This chapter aims to very briefly introduce the principle of training models in a classification context. The goal is to illustrate the process using an algorithm with an intuitive principle. It seeks to demonstrate some of the concepts discussed in previous chapters, particularly those related to model training. Other courses in your curriculum will allow you to explore additional classification algorithms and the limitations of each technique.

## 1.1 Data

Ce chapitre utilise toujours le même jeu de données, présenté dans l’[introduction
de cette partie](index.qmd) : les données de vote aux élections présidentielles américaines
croisées à des variables sociodémographiques.
Le code
est disponible [sur Github](https://github.com/linogaliana/python-datascientist/blob/main/content/modelisation/get_data.py).

In [None]:
!pip install --upgrade xlrd #colab bug verson xlrd
!pip install geopandas

In [None]:
import requests

url = 'https://raw.githubusercontent.com/linogaliana/python-datascientist/main/content/modelisation/get_data.py'
r = requests.get(url, allow_redirects=True)
open('getdata.py', 'wb').write(r.content)

import getdata
votes = getdata.create_votes_dataframes()

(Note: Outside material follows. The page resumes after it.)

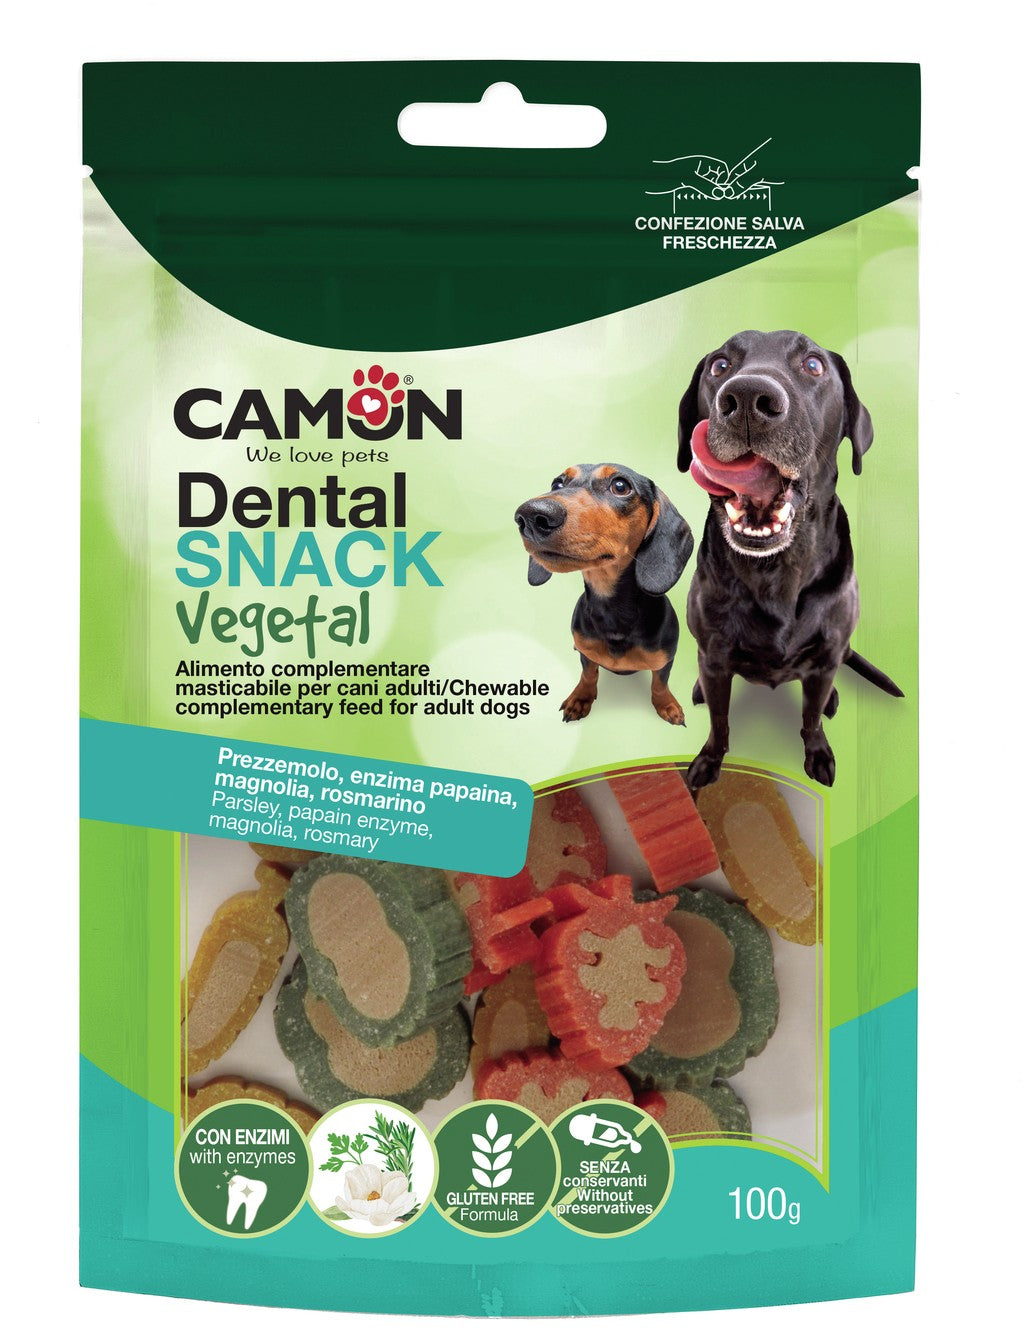 Camon Dental Snack Enzyfruits - AE378
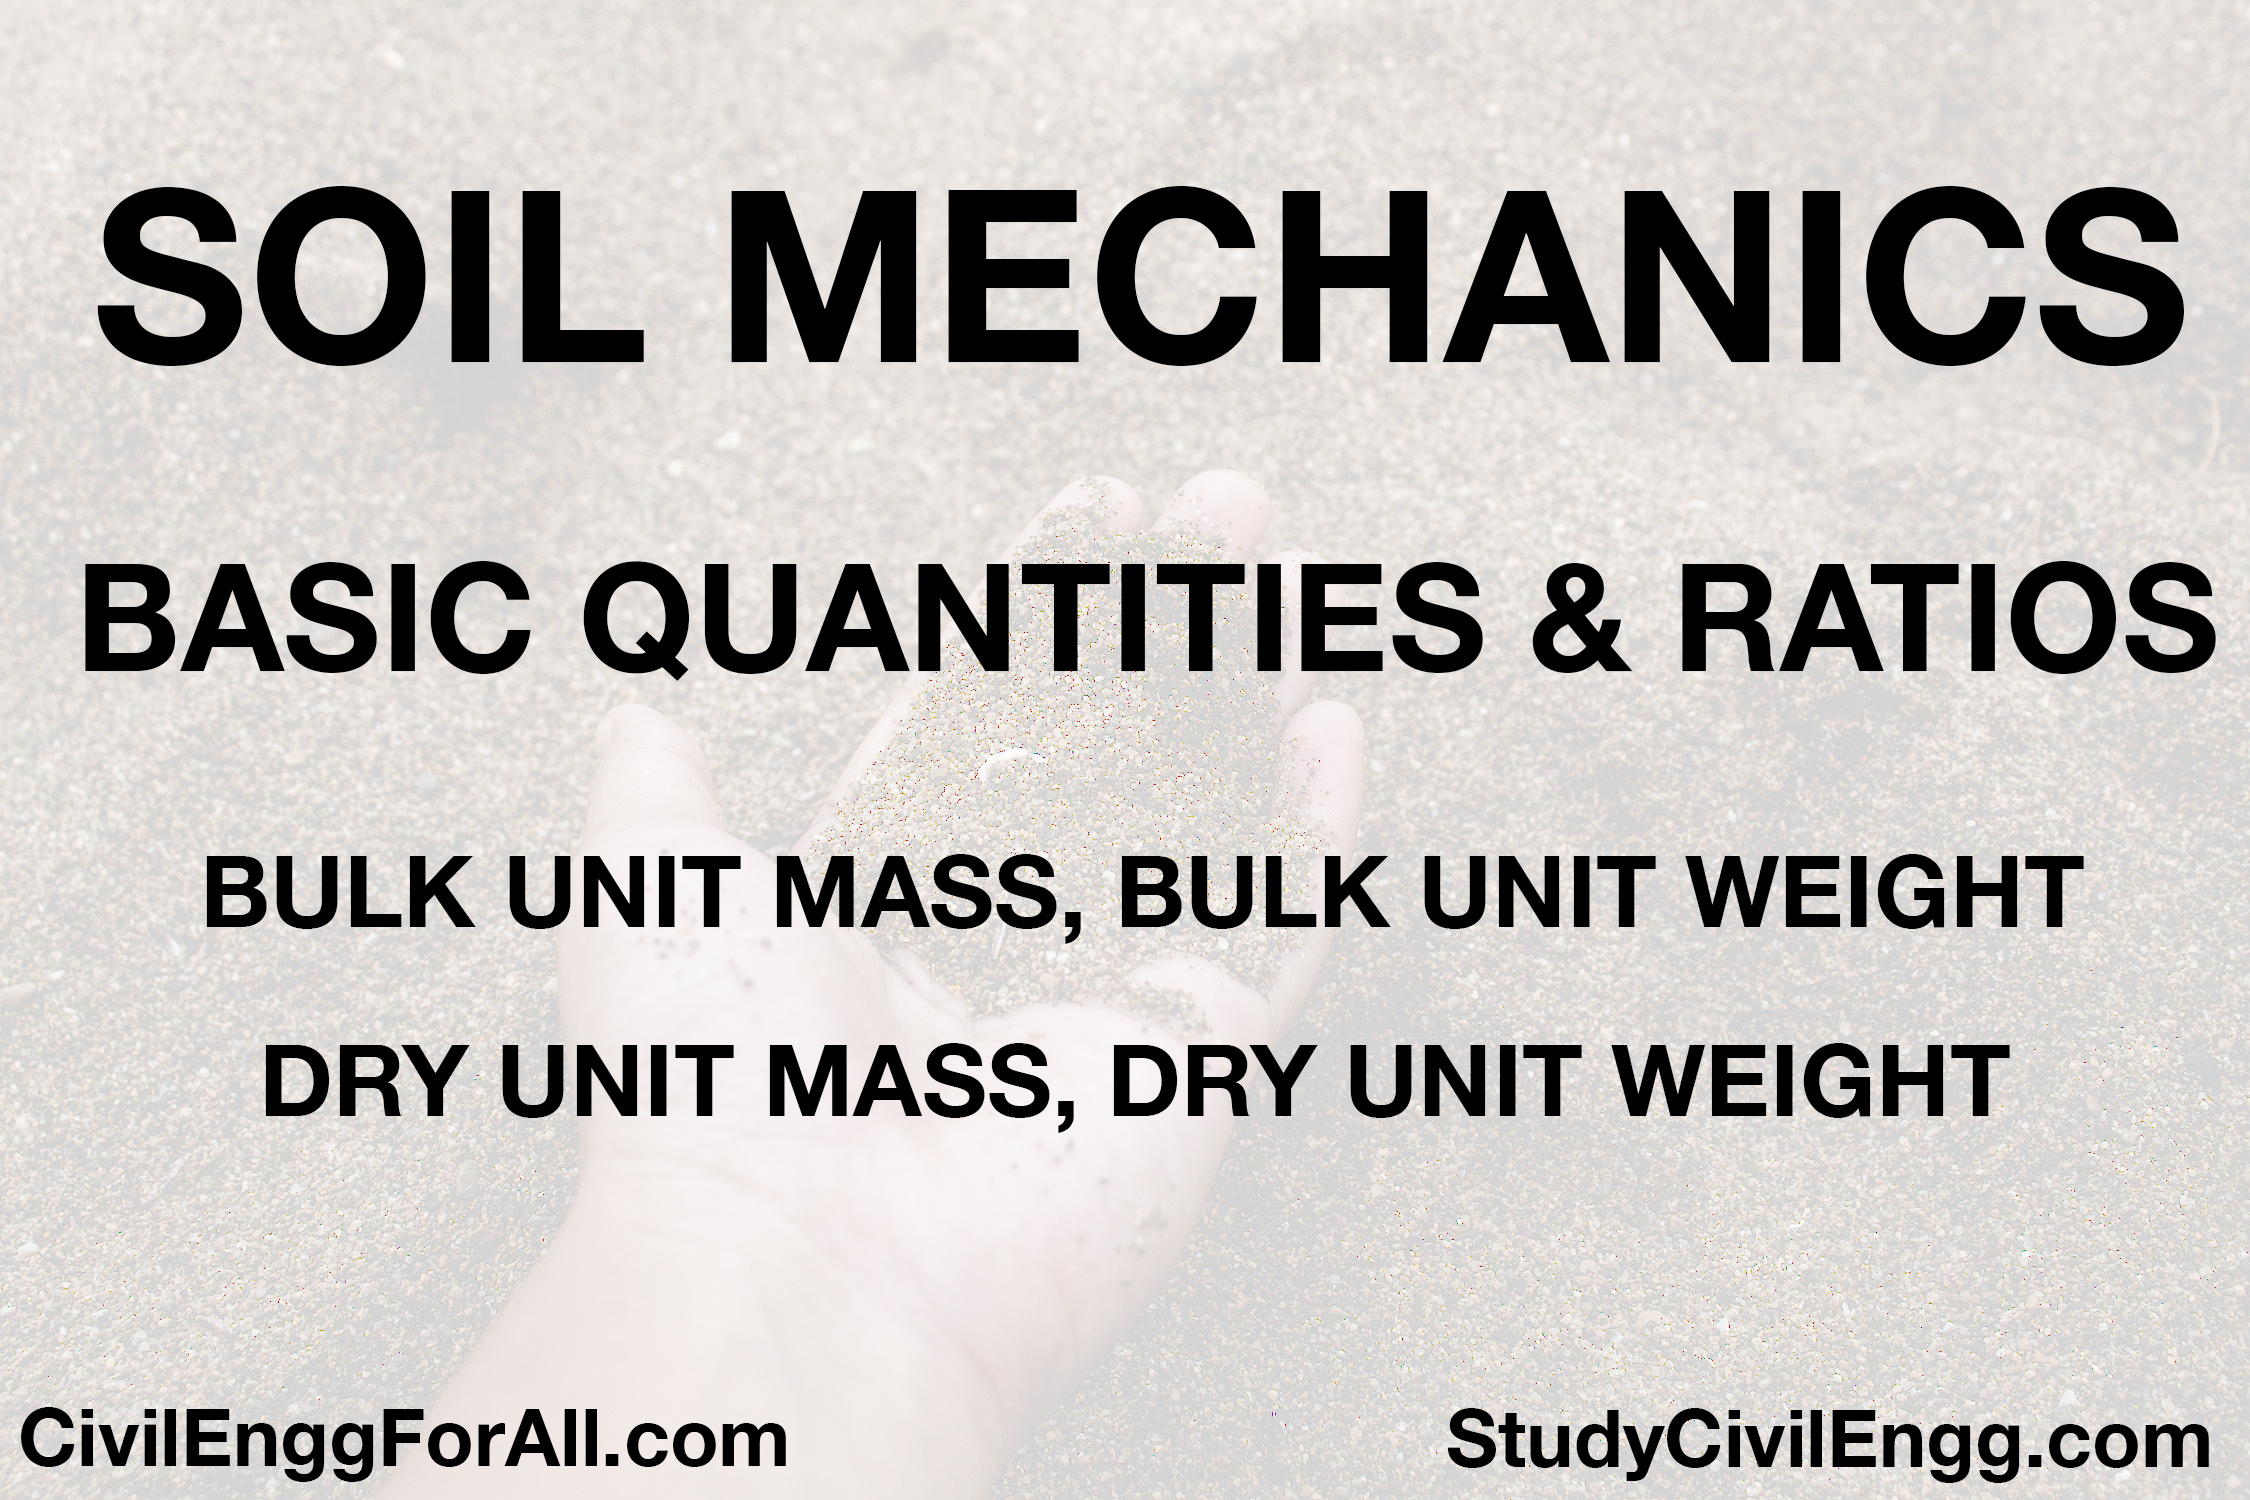 Bulk Unit Mass, Bulk Unit Weight, Dry Unit Mass, Dry Unit Weight - Soil Mechanics - StudyCivilEngg

## 1.2 The SVM Method (*Support Vector Machines*)

SVM (*Support Vector Machines*) is part of the traditional toolkit for *data scientists*.
The principle of this technique is relatively intuitive thanks to its geometric interpretation.
The goal is to find a line, with margins (supports), that best separates the point cloud in our data.
Of course, in real life, it is rare to have well-organized point clouds that can be separated by a line. However, an appropriate projection (a kernel) can transform the data to enable separation.

> **Mathematical formalization**
>
> SVM is one of the most intuitive *machine learning* methods
> due to its simple geometric interpretation. It is also
> one of the least complex *machine learning* algorithms in terms of formalization
> for practitioners familiar with traditional statistics. This note provides an overview, though it is not essential for understanding this chapter.
> In *machine learning*, more than the mathematical details, the key is to build intuitions.
>
> The goal of SVM, let us recall, is to find a hyperplane that
> best separates the different classes. For example, in a two-dimensional space,
> it aims to find a line with margins that best divides the space into regions
> with homogeneous *labels*.
>
> Without loss of generality, we can assume the problem involves a probability distribution $\mathbb{P}(x,y)$ ($\mathbb{P} \to \{-1,1\}$) that is unknown. The goal of classification is to build an estimator of the ideal decision function that minimizes the probability of error. In other words

$$
\theta = \arg\min_\Theta \mathbb{P}(h_\theta(X) \neq y |x)
$$

The simplest SVMs are linear SVMs. In this case, it is assumed that a linear separator exists that can assign each class based on its sign:

$$
h_\theta(x) = \text{signe}(f_\theta(x)) ; \text{ avec } f_\theta(x) = \theta^T x + b
$$
avec $\theta \in \mathbb{R}^p$ et $w \in \mathbb{R}$.

When observations are linearly separable, there is an infinite number of linear decision boundaries separating the two classes. The *“best”* choice is to select the maximum margin that separates the data. The distance between the two margins is $\frac{2}{||\theta||}$. Thus, maximizing this distance between two hyperplanes is equivalent to minimizing $||\theta||^2$ under the constraint $y_i(\theta^Tx_i + b) \geq 1$.

In the non-linearly separable case, the *hinge loss* $\max\big(0,y_i(\theta^Tx_i + b)\big)$ allows for linearizing the loss function, resulting in the following optimization problem:

$$
\frac{1}{n} \sum_{i=1}^n \max\big(0,y_i(\theta^Tx_i + b)\big) + \lambda ||\theta||^2
$$

Generalization to the non-linear case involves introducing kernels that transform the coordinate space of the observations.

# 2. Application

To apply a classification model, we need to find a dichotomous variable. The natural choice is to use the dichotomous variable of a party’s victory or defeat.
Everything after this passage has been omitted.